Recording of the reprimand
- [36]The Tribunal has no power to make any order as to how long the reprimand of the respondent remains recorded on the Register.[4] That is a decision for the Board.[5] However, there is no prohibition on the Tribunal expressing a view on such matter, provided it is clear that the ultimate determination of such matter remains solely a matter for the Board.
- [37]The respondent seeks that the Tribunal make such a recommendation in this matter.
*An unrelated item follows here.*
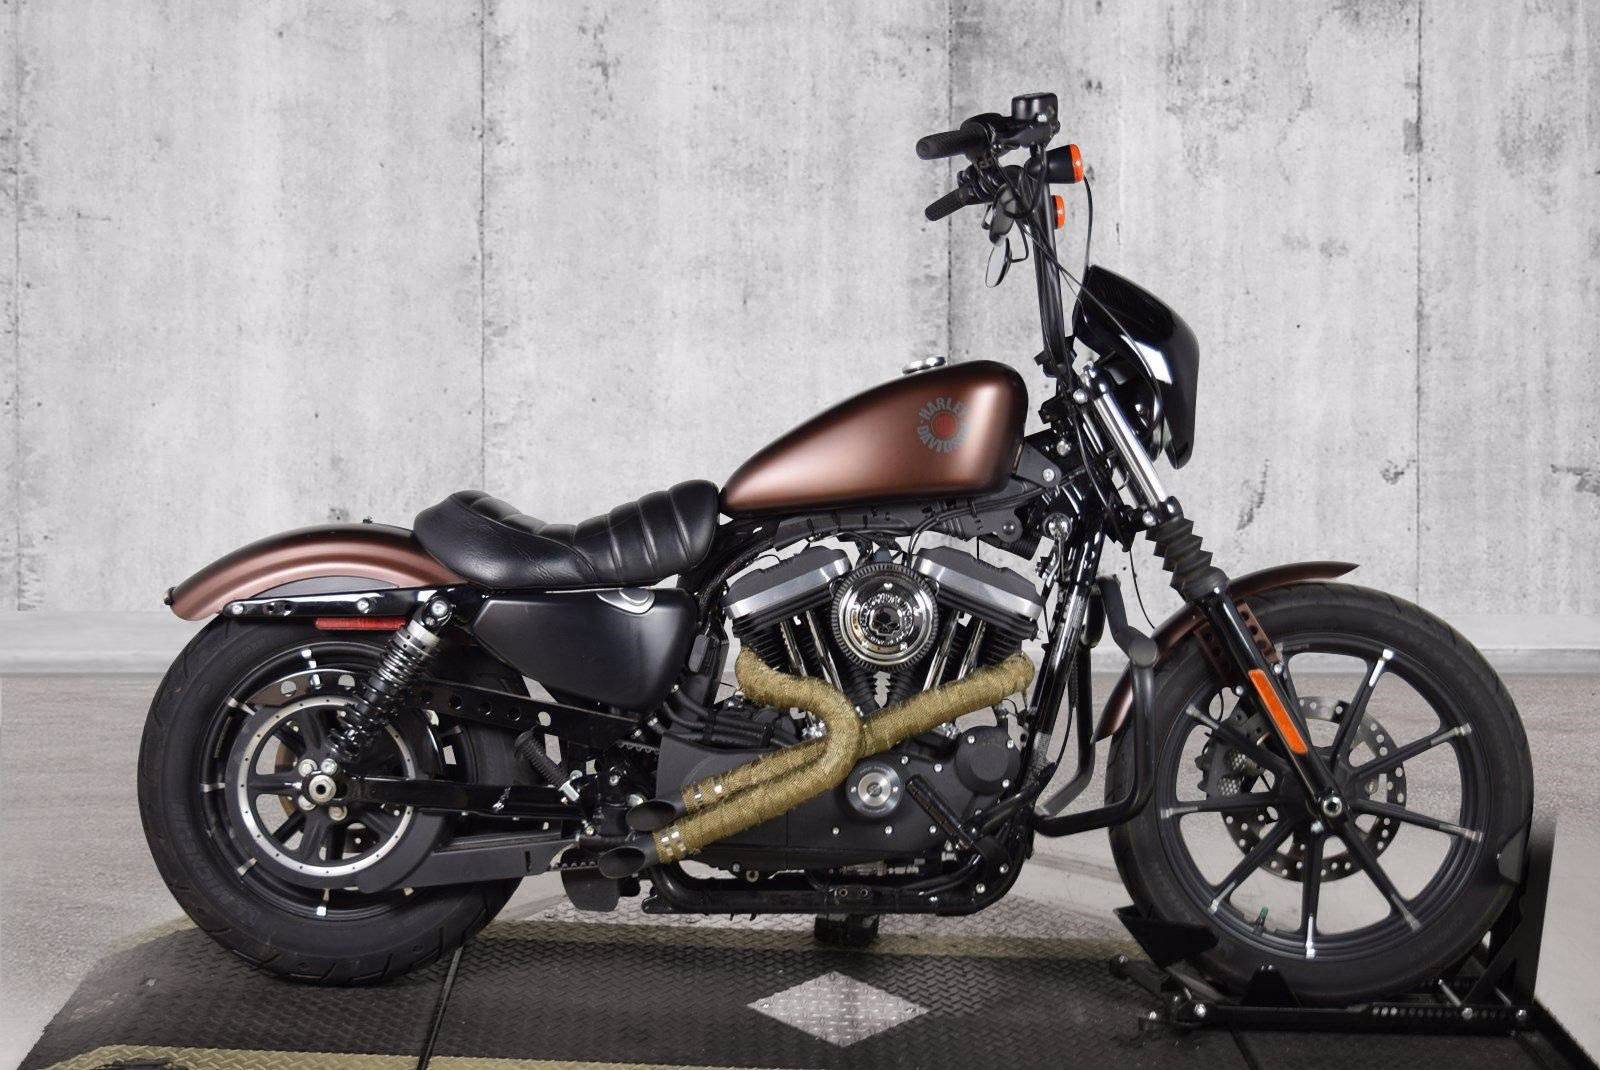 Harley-davidson sportster 883 (1993 - 2015) review | mcn

The respondent submits that, had there been a timely investigation and referral of the matter by the applicant, a reprimand would have been made years ago. The inordinate delay by the applicant means that application of an apparent AHPRA policy that, absent a court, tribunal or panel order to the contrary, a reprimand will remain recorded for 5 years,[6] would unduly punish the respondent.
- [38]I accept those submissions on behalf of the respondent. I have earlier expressed my grave concerns as to the potential unfairness of application of the apparent AHPRA policy[7] and agree that application of such a policy to the respondent would be unfair. I recommend that the Board seriously consider whether it is necessary or appropriate for the reprimand of the respondent to be recorded on the Register for more than two years.
Costs
- [39]The parties agreed that there should be no order for costs and, there being no reason to depart from it, the orders of the Tribunal will reflect the default position pursuant to section 100 of the Queensland Civil and Administrative Tribunal Act 2009 (Qld).
Footnotes
[1](2001) 79 SASR 545 at 553-555.
[2]Legal Services Commissioner v McLeod [2020] QCAT 371 at [31]-[32]; Medical Board of Australia v Martin [2013] QCAT 376 at [91]-[93].
[3][2020] QCAT 163.
[4]Health Ombudsman v Gillespie [2021] QCAT 54.
[5]National Law, s 226(3).
[6]“AHPRA Management Policy – Regulatory Operations Operational Policy: Removal of reprimands from the national register” and see also “Application to remove reprimand from the National Register”, both referred to in Health Ombudsman v Gillespie [2021] QCAT 54.
[7]Health Ombudsman v Gillespie [2021] QCAT 54 at [40]-[41].